Graham Curtin has expertise in advising institutional and individual clients with respect to all stages of the life cycle of a business, from its initial formation and organization to its final disposition, whether through a public offering, sale, or transition to the next generation of leadership. We provide advice with respect to the choice of business entity, including the comparative analysis of corporations, “S” corporations, limited liability companies, limited and general partnerships, and limited liability partnerships. We assist clients in forming new entities for start-up businesses, mergers and acquisitions, single purpose investments, subsidiaries for existing entities, and joint ventures. In that connection, we provide advice regarding entity formation documentation, such as certificates of incorporation, certificates of formation, certificates of limited partnership, bylaws, operating agreements, partnership agreements, organizational meeting minutes, stock certificates and subscription agreements.

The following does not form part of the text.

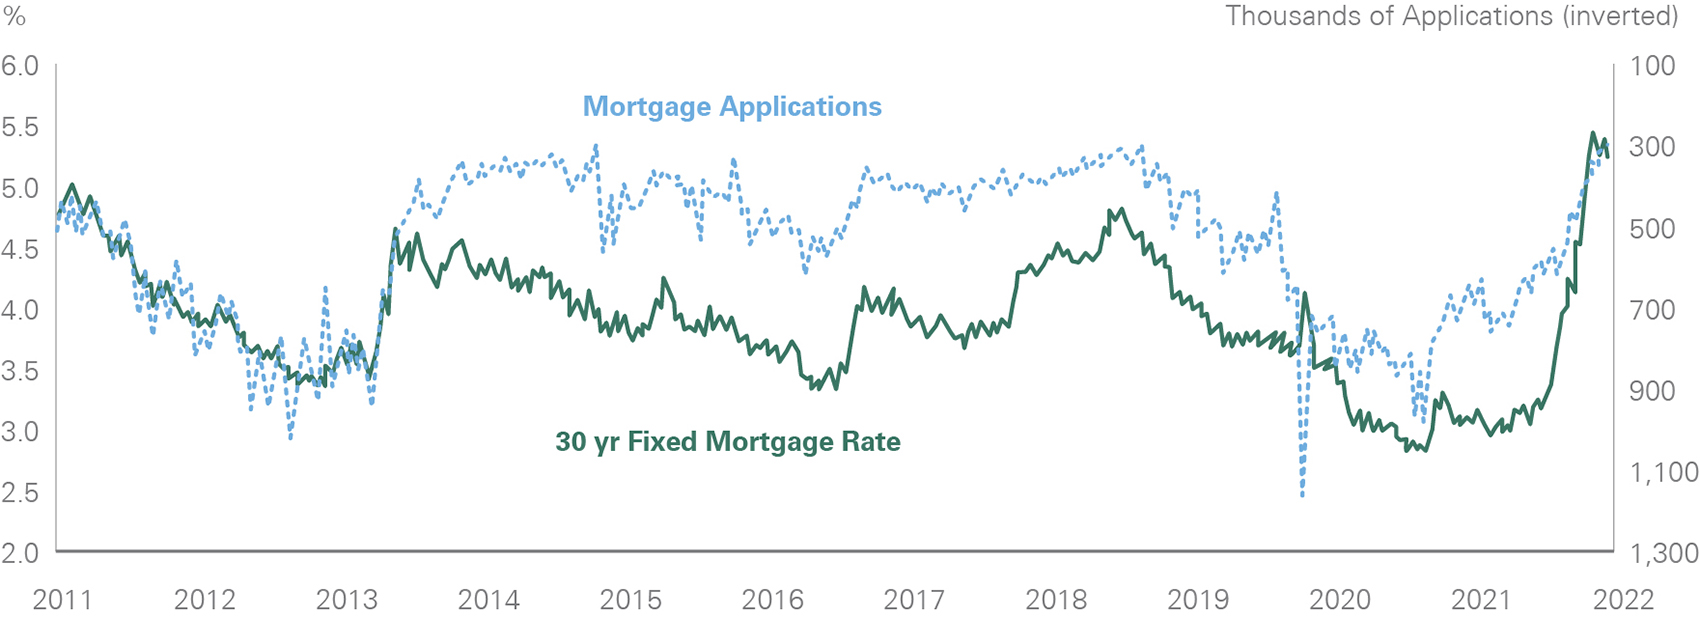 Rising mortgage rates slow mortgage applications.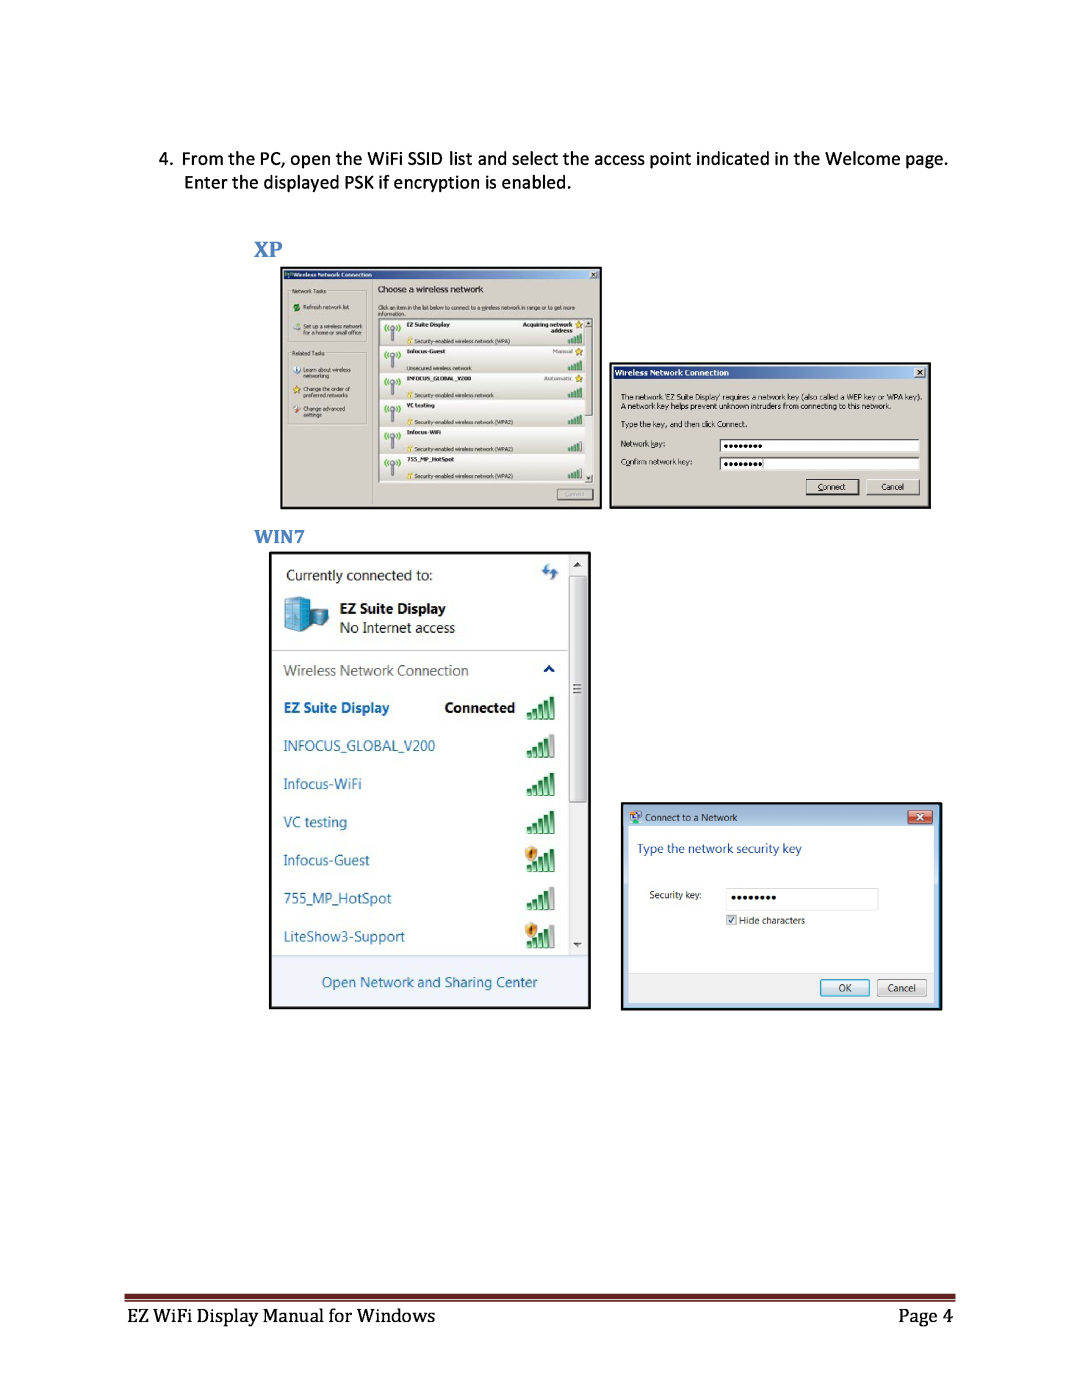 InFocus 009-1453-01 manual WIN7, EZ WiFi Display Manual for Windows, Page

- We provide advice with respect to the rights and responsibilities among the participants in business entities, representing both individuals and entities in the drafting, review and negotiation of shareholders’ agreements, limited liability company operating agreements and partnership agreements. These agreements routinely address restrictions on transfer of stock or ownership interests, buy/sell rights and obligations, management duties and authority, voting rights, rights of first refusal or first offer, tag-along and bring-along rights, and restrictions on competing activities by owners and management. We have experience in drafting these agreements to effect succession planning objectives in closely-held and family-owned businesses and incorporating different classes and forms of equity, such as preferred and incentive equity, into the entity’s capital structure.
- We advise corporations and their officers and directors on corporate governance and fiduciary duties, including the scope of director and officer authority, the standards of care applicable to the consideration of corporate transactions and consent required to approve such transactions, and officer and director indemnification.
- We represent employers and executives in the negotiation of employment agreements, non-competition agreements, confidentiality agreements, severance agreements and change-in-control agreements. Our attorneys have experience defining an executive’s compensation (salary, bonuses and equity compensation), benefits, job duties, and post-termination restrictive covenants. We also have experience drafting and reviewing stock option plans and non-qualified deferred compensation plans for executives. In connection with the severance of employment (both voluntary and involuntary), our attorneys have assisted both employers and executives in the negotiation of severance terms, including the continuation of compensation and benefits, the exercise of stock options, potential claims against the employer, and mutual releases of the employer and the executive.
- We counsel our clients regarding the business and tax issues related to corporations (both “C” and “S” corporations), partnerships and limited liability companies. Our attorneys also have significant experience in structuring, documenting and providing tax advice with respect to domestic and international joint ventures, joint development agreements and other strategic alliances.